What Anti-Trinitarians quote:

"In the earliest thinking of the Church the tendency when speaking of God the Father is to conceive of Him first, not as the Father of Jesus Christ, but as the source of all being. Hence God the Father is, as it were, God par excellence. To Him belong such descriptions as unoriginate, immortal, immutable, ineffable, invisible, and ingenerate. It is He who has made all things, including the very stuff of creation, out of nothing. . . . This might seem to suggest that the Father alone is properly God and the Son and Spirit are only secondarily so. Many early statements appear to support this." (International Standard Bible Encyclopedia, ISBE)

What they fail to tell the same article also says:

"Introduction.
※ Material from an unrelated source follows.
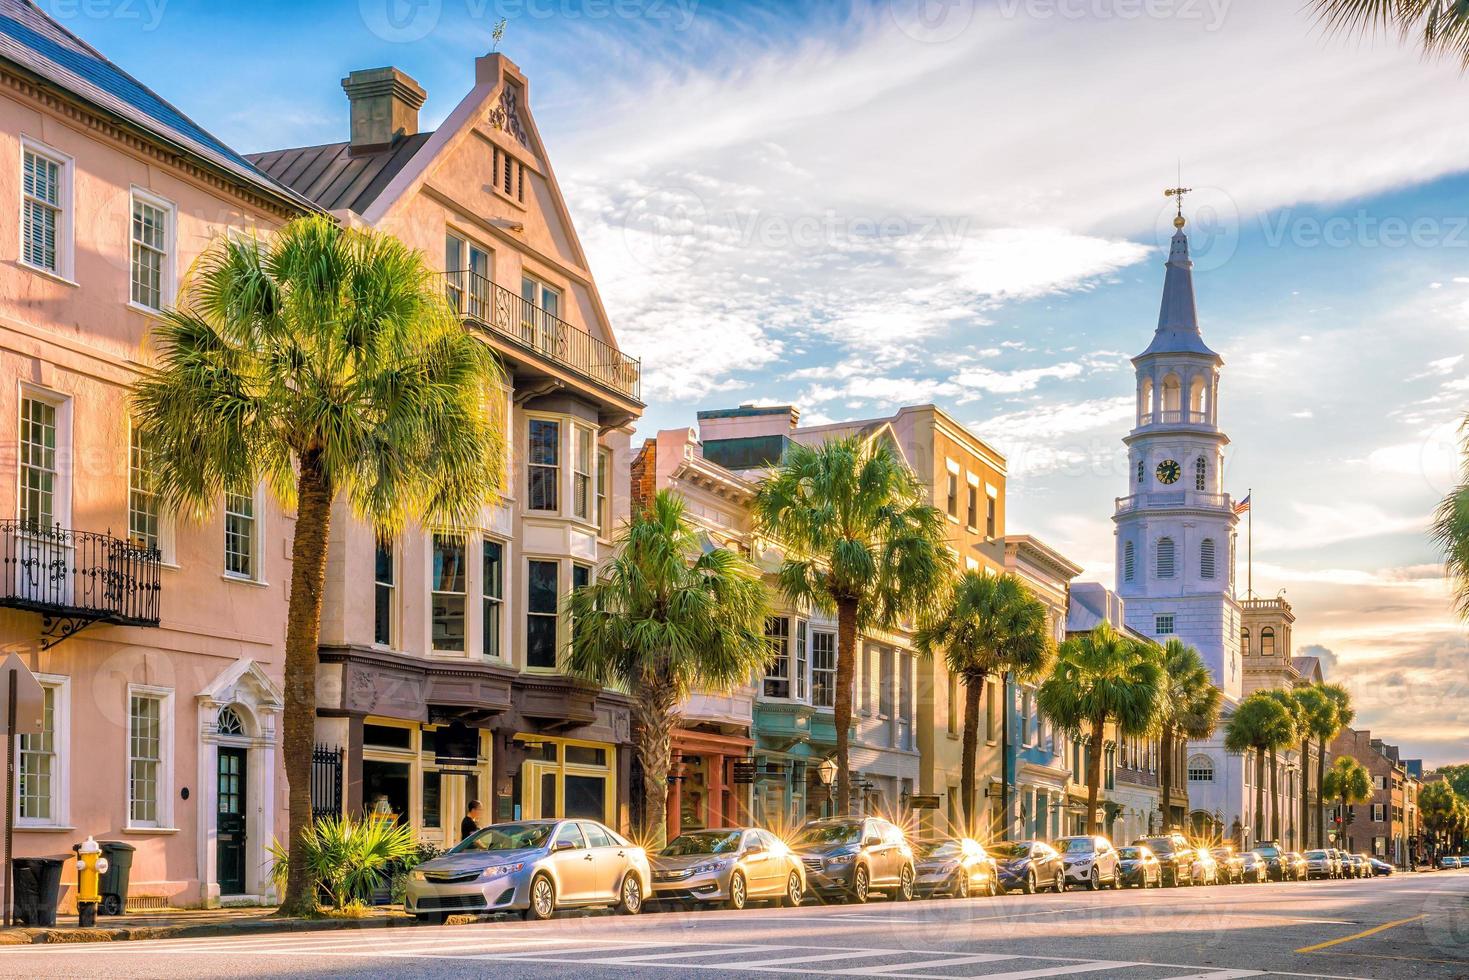 Charleston, South Carolina, Verenigde Staten foto

Though "trinity" is a second-century term found nowhere in the Bible, and the Scriptures present no finished trinitarian statement, the NT does contain most of the building materials for later doctrine. In particular, while insisting on one God, it presents Jesus Christ as the divine Son in distinction from God the Father, and probably presents the Holy Spirit or Paraclete as a divine person distinct from both. Obvious problems admittedly attach to both claims; indeed, "person" as a trinitarian (threeness) term has itself been controversial since Augustine, and especially in the modem period. Still, the doctrine of the trinity does lie in Scripture "in solution" (B. B. Warfield, ISBE [1929], s.v.); i.e., the NT presents events, claims, practices, and problems from which church fathers crystallized the doctrine in succeeding centuries. A classic statement emerges in Augustine (De trin. v.8.9) and comes down the centuries as the 15th and 16th verses of the Athanasian Creed: (15) So the Father is God, the Son is God, and the Holy Spirit is God; (16) and yet they are not [or, there are not] three Gods, but one God. (International Standard Bible Encyclopedia, ISBE, Trinity, p914)

Our comment

  1. The quote does not say that early Christians viewed Jesus as a creature, but rather as subordinate to the Father. This, in fact, is what Trinitarians openly admit to!
  2. But in the very first sentence of the article, ISBE clearly states two important things: (a) that the foundation of Trinity is in the scripture and (b) that the Bible portrays Jesus as divine.
  3. What the article is saying, is that Trinitarian doctrine developed in an effort to explain how Jesus could be distinct from the Father, yet divine! We agree!

Deception Exposed:

When Anti-Trinitarians quote only this section, they leave a false impression that ISBE reject trinity, that Jesus is a creature and that Trinity had no foundation in scripture, but is of pagan origin.